Note that \(B\) is of the form

\[\begin{split} B \,=\,\, \begin{bmatrix} \lambda_1 & 0 & \ldots & 0 & * & * & \ldots & * \\ 0 & \lambda_1 & \ldots & 0 & * & * & \ldots & * \\ \vdots & \vdots & \ddots & \vdots & * & * & \ldots & * \\ 0 & 0 & \ldots & \lambda_1 & * & * & \ldots & * \\ \vdots & \vdots & & \vdots & \vdots & \vdots & \vdots & \vdots \\ \vdots & \vdots & & \vdots & \vdots & \vdots & \vdots & \vdots \\ 0 & 0 & \ldots & 0 & * & * & \ldots & * \\ \end{bmatrix}, \end{split}\]

where there are \(k\) entries \(\lambda_1\) on the diagonal.
It follows that the characteristic polynomial det\((B - \lambda \mathrm I)\) will have at least \(k\) factors \((\lambda - \lambda_1)\). Thus the algebraic multiplicity of the eigenvalue \(\lambda_1\) for the matrix \(B\) is greater than or equal to \(k\). From the observed similarity \(A \sim B\) it follows that this also holds for the algebraic multiplicity of \(\lambda_1\) for the matrix \(A\). So indeed the inequality

\[ \text{a.m.}(\lambda_1) \geq \text{g.m.}(\lambda_1) \]

is universally true.

One way to understand the similarity of similar matrices comes from considering the linear transformations they represent. In Section 4.3.4 it is shown that if \(T:\R^n\to\R^n\) is the linear transformation that has \(A\) as its standard matrix, and \(P = P_{\mathcal{B}}\) is the change-of-coordinates matrix from the basis \(\mathcal{B}\) to the standard matrix, then the matrix of \(T\) with respect to basis \(\mathcal{B}\) is given by

\[ [T]_{\mathcal{B}} = P^{-1}AP. \]

This means that if \(A\) and \(B\) are related via

\[ B = PAP^{-1} \]

then \(A\) and \(B\) are in fact matrices of the same linear transformation, only with respect to different bases. The fact that - for one thing - they share the same eigenvalues is then not very surprising.
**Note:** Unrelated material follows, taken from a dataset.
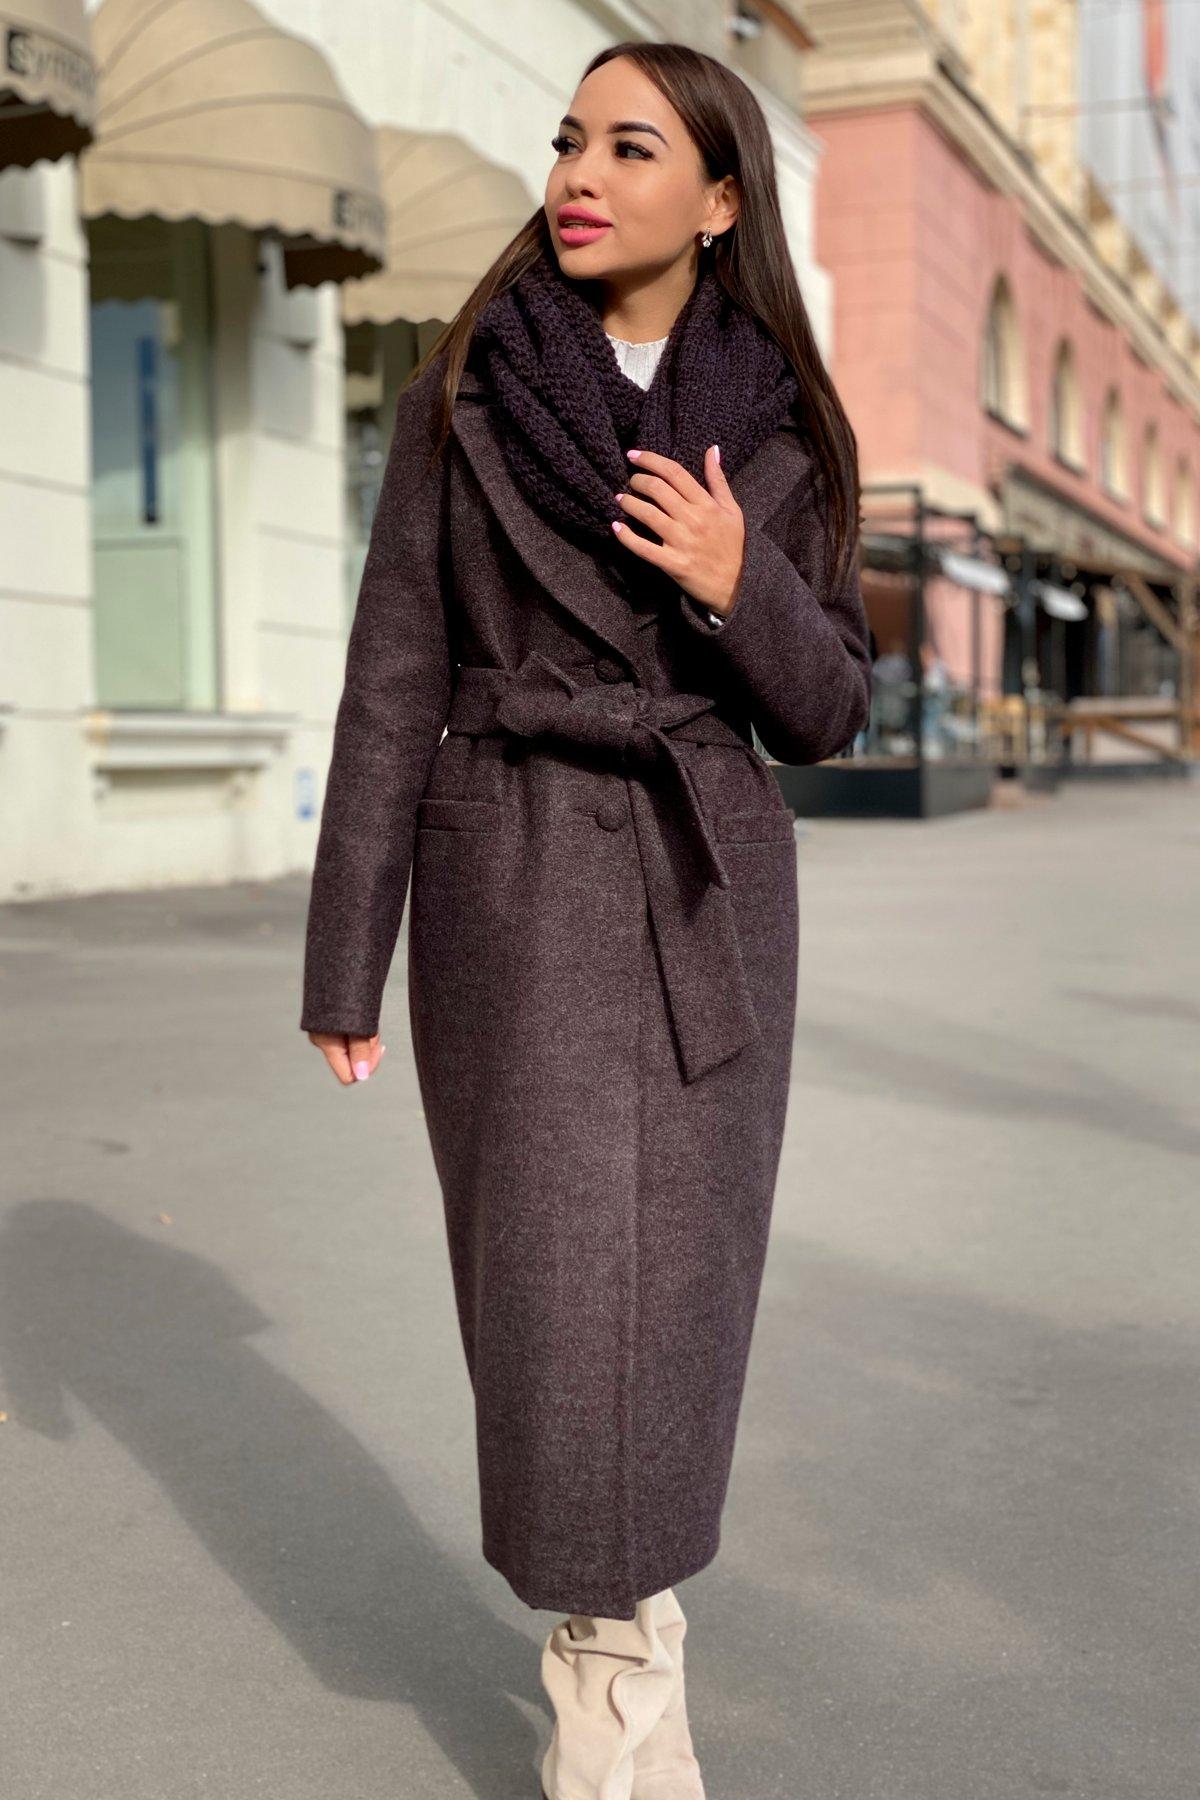 Длинное пальто зима Вива макси 8341 АРТ. 44495 Цвет: Шоколад 7 - фото 12, интернет магазин tm-modus.ru
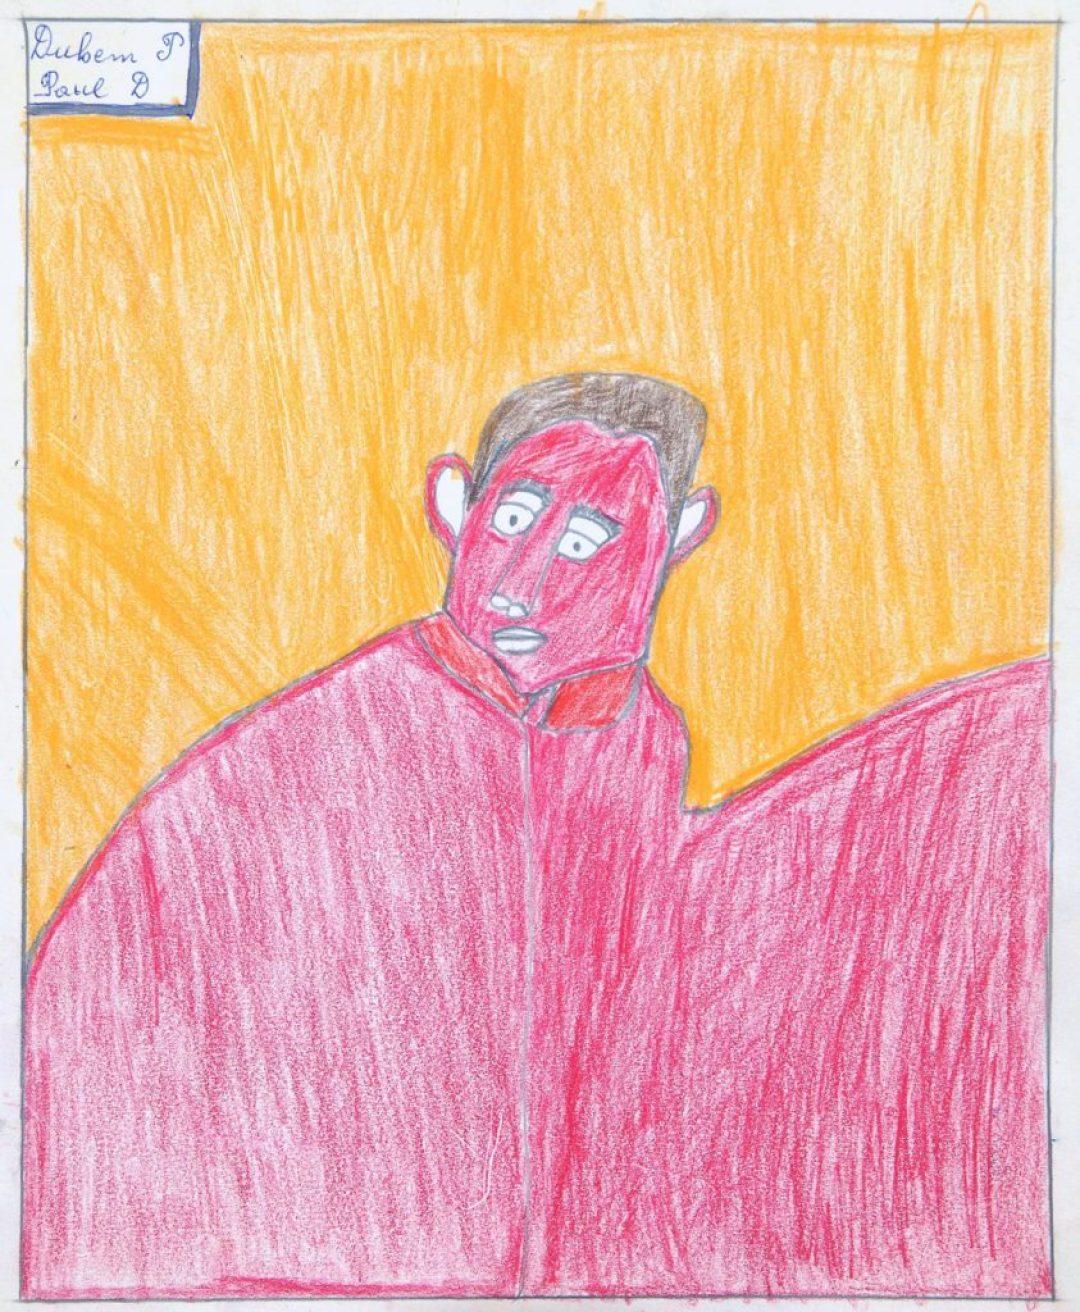 Paul Duhem, sans titre, 1991, crayons de couleur sur papier, 36,8 x 30 cm

The following proposition captures some other properties that similar matrices share.

Proposition 6.3.4

Suppose \(A\) and \(B\) are similar matrices. Then the following statements are true.

1. \(\det{A} = \det{B}\).

2. If \(A\) is invertible, then \(B\) is invertible (and vice versa).

3. \(A\) and \(B\) have the same rank.

Proof of Proposition 6.3.4

Suppose \(A = PBP^{-1}\).

1. As in the proof of the equality of the characteristic polynomials (Proposition 6.3.2) we have:

   
   

   if \(A = PBP^{-1}\), then

   
   
   \[ \det{A} = \det{(PBP^{-1})} = \det{P}\det{B}\det{(P^{-1})}, \]

   which can be rewritten as follows

   
   
   \[ \det{P}\det{B}\det{(P^{-1})} = \det{P}\det{B}(\det{P})^{-1} = \det{B}. \]

2. Follows immediately from i.:

   matrix \(A\) is invertible \(\quad \iff \quad \det{(A)} \neq 0\).

3. If \(A\) has rank \(n\), then \(A\) is invertible, and then \(B\) is also invertible, so \(B\) has rank \(n\) too.
   If \(\text{rank}\) \(A < n\) then \(\lambda = 0\) is an eigenvalue of both \(A\) and \(B\). In this case we can use

   \[ \text{rank}\,A = n - \text{dim Nul}\,A \]

   Recall that \(\text{Nul}\) \(A\) is the eigenspace for the eigenvalue \(\lambda = 0\), so \(\text{dim Nul}\) \(A\) is the geometric multiplicity of the eigenvalue \(\lambda = 0\), which multiplicity is the same for \(A\) and \(B\). We deduce that

   
   
   \[ \text{rank}\,A = n - \text{dim Nul}\,A = n - \text{dim Nul}\,B = \text{rank}\,B. \]

6.3.2. Diagonalizability

Definition 6.3.2

A matrix is \(A\) is called diagonalizable if it is similar to a diagonal matrix. That means that a diagonal matrix \(D\) and an invertible matrix \(P\) exist such that

\[ A = PDP^{-1}. \]

We then say that \(PDP^{-1}\) is a diagonalization of \(A\).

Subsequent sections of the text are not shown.